Any help is greatly appreciated
EDIT
I have updated my loss function so that all the intermediate values are tensorflow Tensors of dtype float32 and am receiving the same errors:
def myLossFcn(y_true, y_pred, recall_weight, spec_weight):
#benign ==0
#hyperplastic ==1
#neoplastic ==2
print('y_true:', y_true)
print('y_pred:', y_pred)
tp = tensorflow.keras.metrics.TruePositives()
tp.update_state(y_pred, y_true)
TP_g = tp.result()
tn = tensorflow.metrics.TrueNegatives()
tn.update_state(y_pred, y_true)
TN_g = tn.result()
fp = tensorflow.keras.metrics.FalsePositives()
fp.update_state(y_pred, y_true)
FP_g = fp.result()
fn = tensorflow.keras.metrics.FalseNegatives()
fn.update_state(y_pred, y_true)
FN_g= fn.result()
print(TP_g)
print(TN_g)
print(FP_g)
print(FN_g)
#Converted as Keras Tensors
TP_g = K.sum(K.variable(TP_g))
TN_g = K.sum(K.variable(TN_g))
FP_g = K.sum(K.variable(FP_g))
FN_g = K.sum(K.variable(FN_g))
print(TP_g)
print(TN_g)
print(FP_g)
print(FN_g)
specificity = TN_g / (TN_g + FP_g + K.epsilon())
recall = TP_g / (TP_g + FN_g + K.epsilon())
print('spec:', specificity)
print('recall:', recall)
loss = 1.0 - (recall_weight*recall + spec_weight*specificity)
print('loss:', loss)
return tensorflow.constant(loss) #probably not a tensorflow scalar atm
I am printing the metrics twice to see if the K.sum(K.variable(**METRIC**))
affects anything.
Here is the output:
tf.Tensor(8.0, shape=(), dtype=float32)
tf.Tensor(4.0, shape=(), dtype=float32)
tf.Tensor(0.0, shape=(), dtype=float32)
tf.Tensor(0.0, shape=(), dtype=float32)
tf.Tensor(8.0, shape=(), dtype=float32)
spec: tf.Tensor(0.0, shape=(), dtype=float32)

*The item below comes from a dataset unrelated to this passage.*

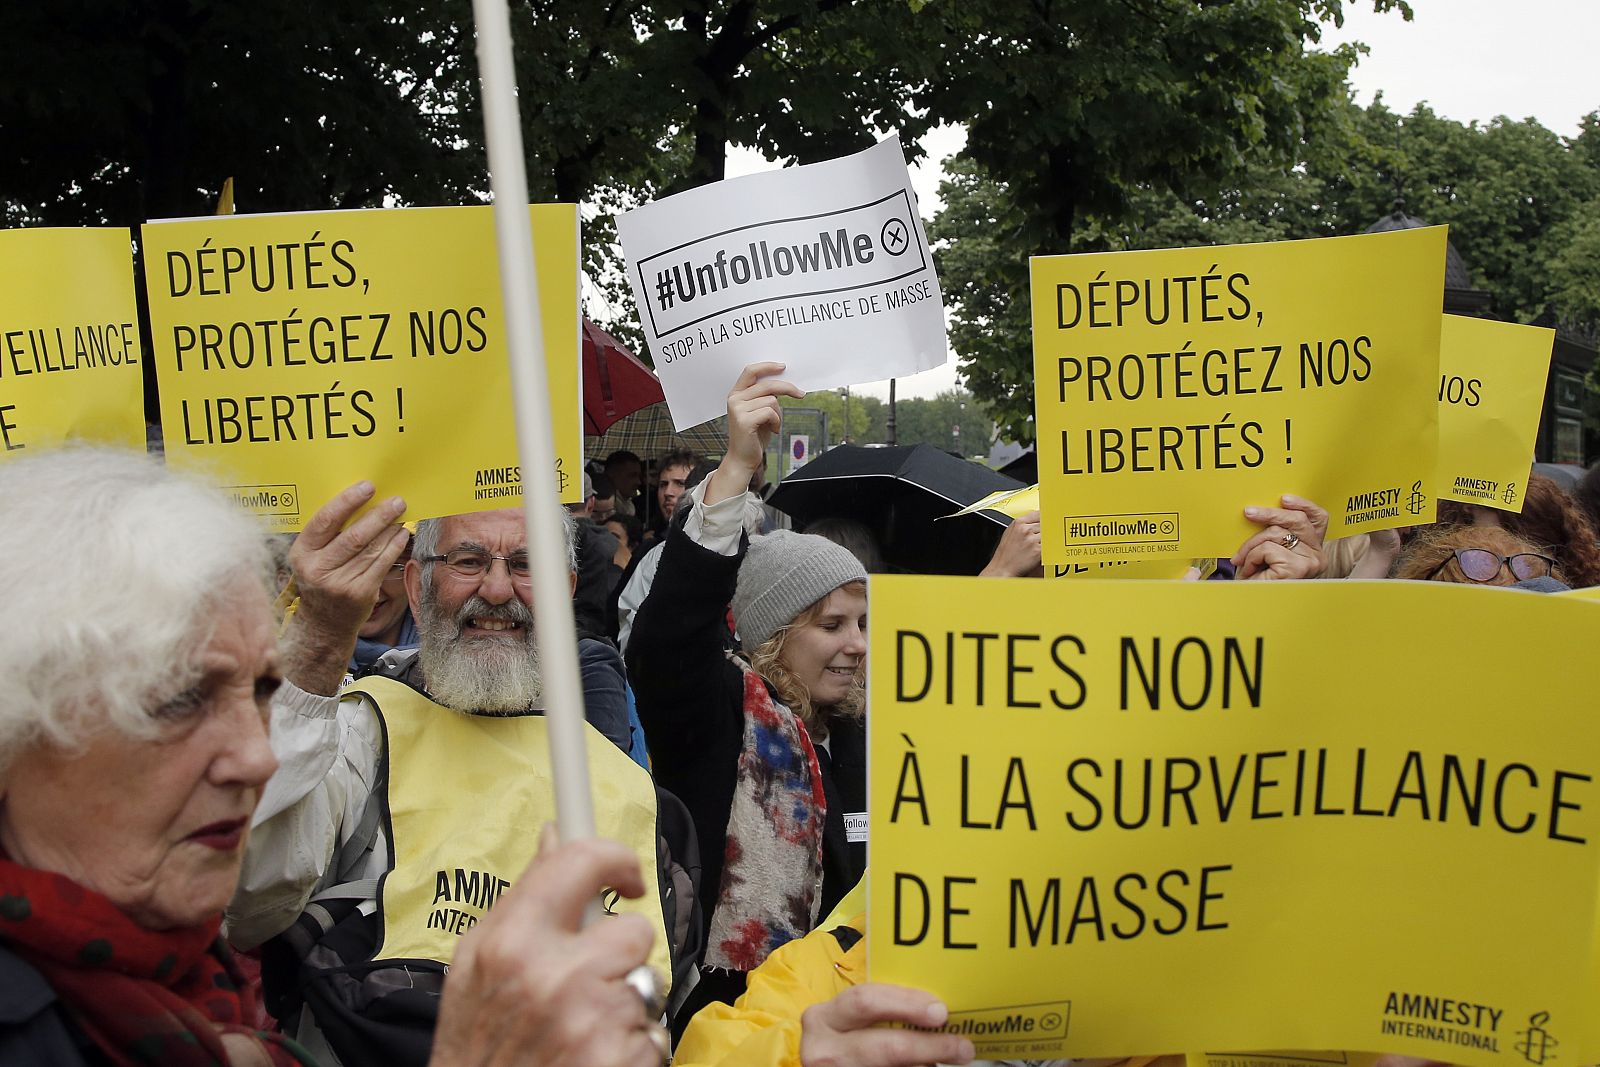 "No a la vigilancia masiva" se lee en las pancartas de este grupo de manifestantes en París.

recall: tf.Tensor(0.33333334, shape=(), dtype=float32)
loss: tf.Tensor(0.7, shape=(), dtype=float32)
Traceback (most recent call last):
File "/home/d/dsussman/dsherman/endo_git_v2/justin_method.py", line 282, in <module>
verbose=2)
File "/home/d/dsussman/dsherman/.conda/envs/myNewEnv/lib/python3.7/site-packages/tensorflow/python/keras/engine/training.py", line 1178, in fit
tmp_logs = self.train_function(iterator)
File "/home/d/dsussman/dsherman/.conda/envs/myNewEnv/lib/python3.7/site-packages/tensorflow/python/keras/engine/training.py", line 850, in train_function
return step_function(self, iterator)
File "/home/d/dsussman/dsherman/.conda/envs/myNewEnv/lib/python3.7/site-packages/tensorflow/python/keras/engine/training.py", line 840, in step_function
outputs = model.distribute_strategy.run(run_step, args=(data,))
File "/home/d/dsussman/dsherman/.conda/envs/myNewEnv/lib/python3.7/site-packages/tensorflow/python/distribute/distribute_lib.py", line 1285, in run
return self._extended.call_for_each_replica(fn, args=args, kwargs=kwargs)
File "/home/d/dsussman/dsherman/.conda/envs/myNewEnv/lib/python3.7/site-packages/tensorflow/python/distribute/distribute_lib.py", line 2833, in call_for_each_replica
return self._call_for_each_replica(fn, args, kwargs)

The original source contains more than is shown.